I WAS able to sign in to kp.org from my mobile phone, but couldn't download the document from there. But at least I was able to send an message to my doctor asking them to send me the document via snail-mail.
At first I thought the problem was the Kaiser web site (which admittedly is pretty gawdawful). Didn't have time to pursue it last week, because I was attending an all-day class Mon-Fri. Finally today, when I got the same Firefox error message, I tried to access kp.org via Microsoft Edge. Sure enough, it worked.
Then I searched Mozilla support, and found a closed message thread indicating that the problem had theoretically been "solved" by some sort of programming fix as of June 12th or thereabouts.
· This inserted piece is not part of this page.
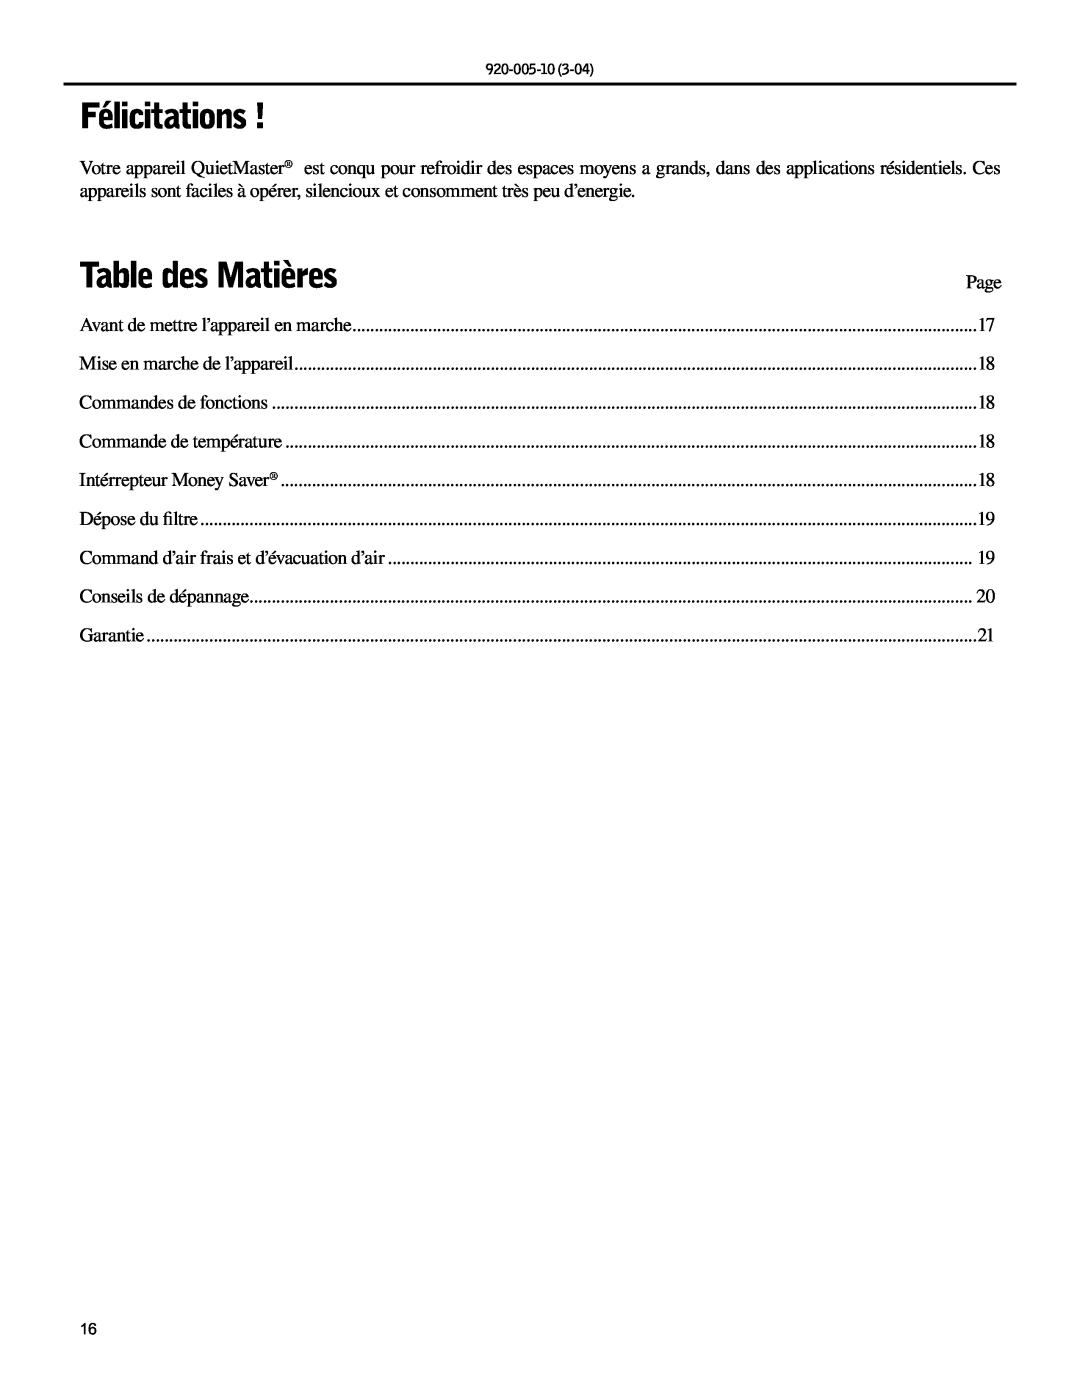 Friedrich KS10, KM20 manual Félicitations, Table des Matières

I do NOT want to switch to a browser maintained by Monopolists'R'Us. I still bear a grudge because about 30 years ago they killed or marginalized two of my favorite programs (Lotus and WordPerfect) by giving away Excel and Word for free with Windows. Even if I LIKED Microsoft, the default user interface is cluttered with too many cutesy-poo widgets and AS (artificial stupidity) "help" that I do not want. But I'm an old lady (84), and if I need to communicate with my health care providers, I will have to use whatever method works, no matter how much it galls me.
Hope you guys can find a fix to this problem that works for EVERYBODY (including me). Thanks for your attention.